In this study, Conference pear tree leaves are scanned and the intensity data provided by the TLS is analyzed with a particular focus on its properties for describing geometry of leaves. Prior to that, the intensity is corrected for the distance effect and the angle of incidence provided by the LSR is tested on the goniometric platform. Then the relationship between the corrected intensity and the angle of incidence is determined with flattened leaves placed on a goniometric platform. Next, this relationship is tested on flat part of the leaves that are still attached to the pear trees. Finally, the angle of incidence is determined using a LSR on an entire leaf, and this notwithstanding leaf curvatures and wrinkles. The Δω (see equation 5) is mapped on the selection to understand the impact of those curvatures and of those wrinkles on the data. To summarize, the three set-ups of measurement are resulting in a LSR for four different conditions:

  • - for the goniometric platform only,

  • - for flattened leaves placed on the goniometric platform,

  • - for some parts of the leaves that are fixed on the tree,

  • - for entire leaves that are fixed on the tree.

It appears that the flattened leaves on goniometric platform provide a good precision (±5°) but maybe a poor accuracy in terms of finding the angle of incidence with the intensity and because of the incomplete radiometric calibration of the TLS intensity. In the case where this radiometric calibration is sufficient, the test made on the partial selection of leaves on the tree would provide a more accurate result (+50 units of corrected intensity). Still, this last test brings a lower precision in the definition of the relationship (from ±10° to ±15° depending on the angle of incidence). This shift in the accuracy could be explained either by:

  • - the LSR conditions (a low RMSE with a limited number of points that are away of the LSR plane) and the leaf curvatures and its wrinkles,

  • - the impact of the footprint diameter of the TLS beam,

  • - the physiological state of the plant, the radiometric calibration of the TLS or even a multiple scattering occurring in the canopy.
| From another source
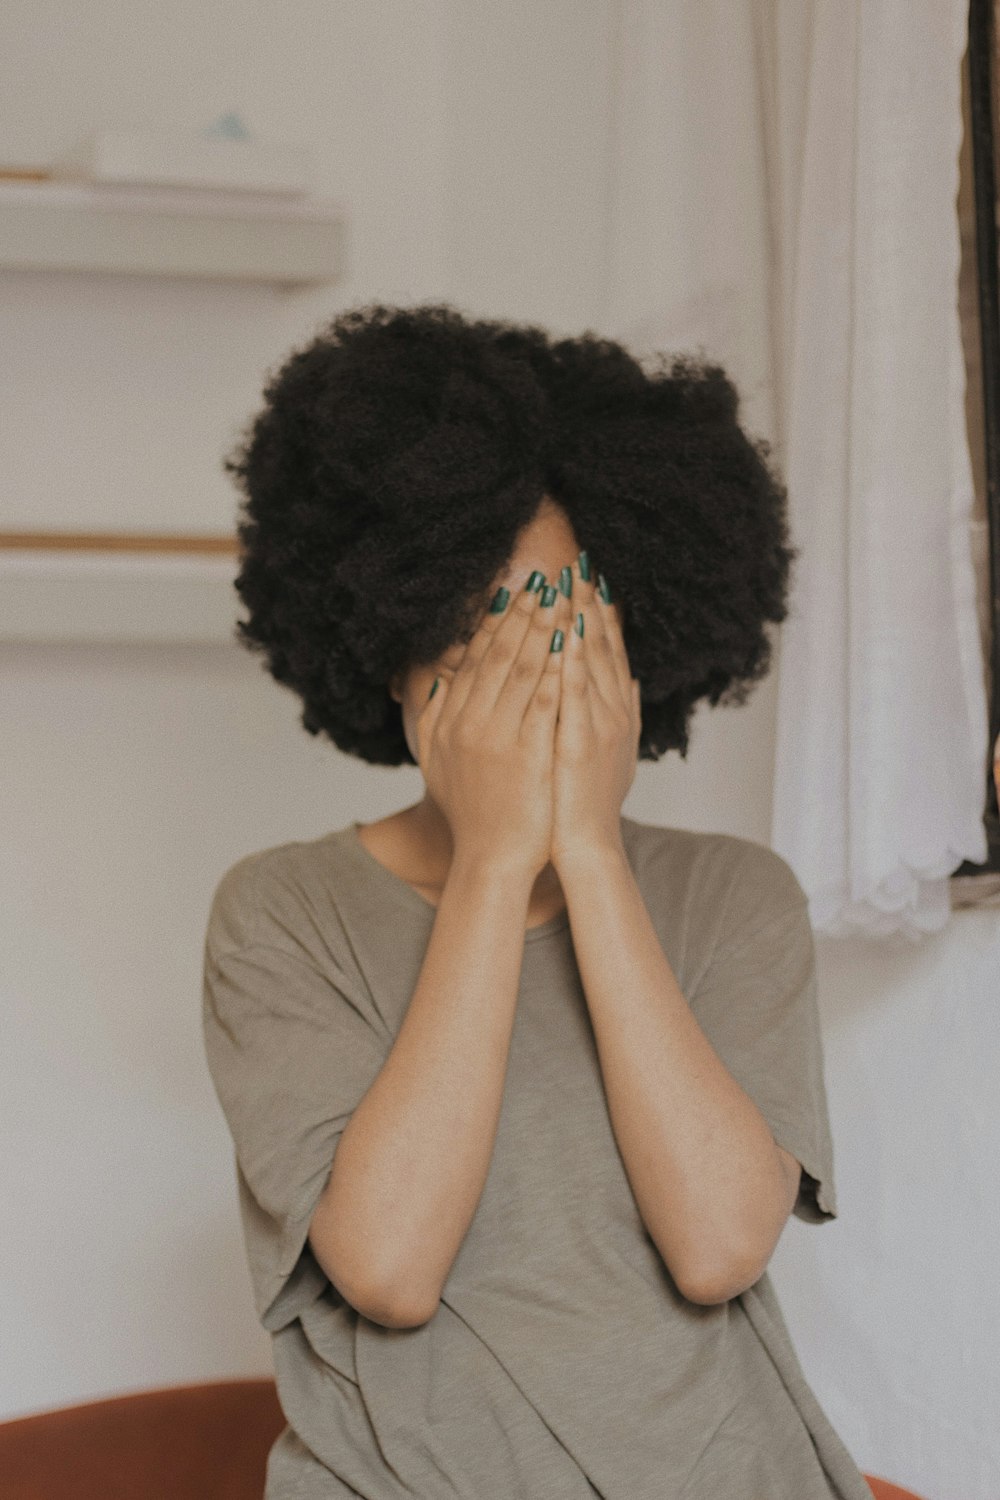 woman in gray t-shirt covering face with both hands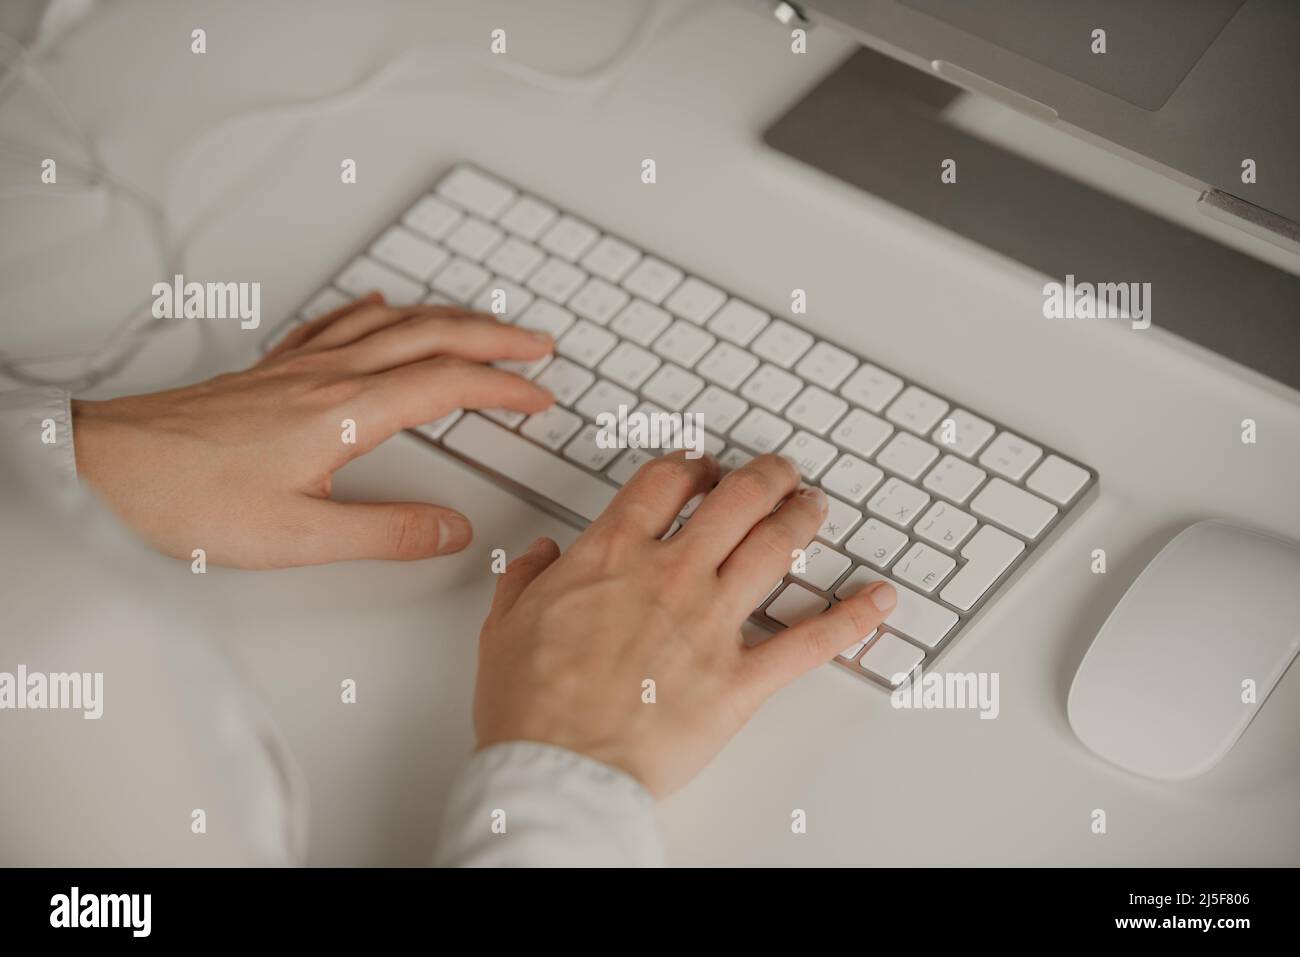 Close-up photo of woman’s hands typing on a wireless white aluminum keyboard Stock Photo

In the last test, it is clear that wrinkles and undulations are playing a large role in the precision. It is also shown that angles of incidence larger than 60° with pear tree leaves will provide bad results in term of accuracy and precision. Even the measurement on the goniometric platform could not provide better information because of the 3%-reflectance painting surrounding the leaves and so in the mixing of their intensity in the point cloud. As previously seen, scanning larger leaves could reduce this angle of incidence limit. In addition, if the second experiment shows a consistency in the distance correction, it appears that distance plays a great role in the capacity to extract a good point cloud and this to make a LSR with enough points. That probably depends on leaf size, and one might expect that the measurements should be extended to a wider range and with larger leaves. In general, distance, angle of incidence and leaves dimensions should be taken into account for the set-ups of scanning that aim at extracting leaf geometry. The measurement set-ups suggested in [20] could be improved in this way.

In addition, it would be also recommended to test the relationship between intensity and angle of incidence for trees with flat leaves to study the multi scattering effect and/or to change the conditions of selection for the LSR set in point 2.3.2. In the future, a complete radiometric calibration should be set to guaranty the consistency of accuracy of the relationship.

Notwithstanding the aforementioned issues, different potential uses for the intensity can be envisaged. First, the third experiment emphasized the fact that intensity could help in determining the points having a higher probability to be a ghost point:

  • - The points with a low intensity have a higher probability to be ghost points because they are on the part of the leaves having a large angle of incidence. Those points could be directly deleted or corrected.

  • - In the case where points with a low intensity constitute a large zone on the leaf, it is more difficult to determine whether they are ghost points or not. This zone appears larger than in the reality. In conclusion, closer is the point to the leaf border, higher is the probability that this one is a ghost point. In those cases, the points should be only corrected as their deletion would diminish the size of the leaf.

Those two points could be used to eliminate ghost point and view as an improvement of the pre-processing methods for point cloud (as e.g., [57]). In addition, the intensity could help to extract the angle of incidence to the leaf and thus, the normal of the leaf surface as shown in the equation 9. Viewed then as a map of Gauss on the surface “leaf” [55], these intensities could be enough to rebuild the leaves from a “simplified” point cloud.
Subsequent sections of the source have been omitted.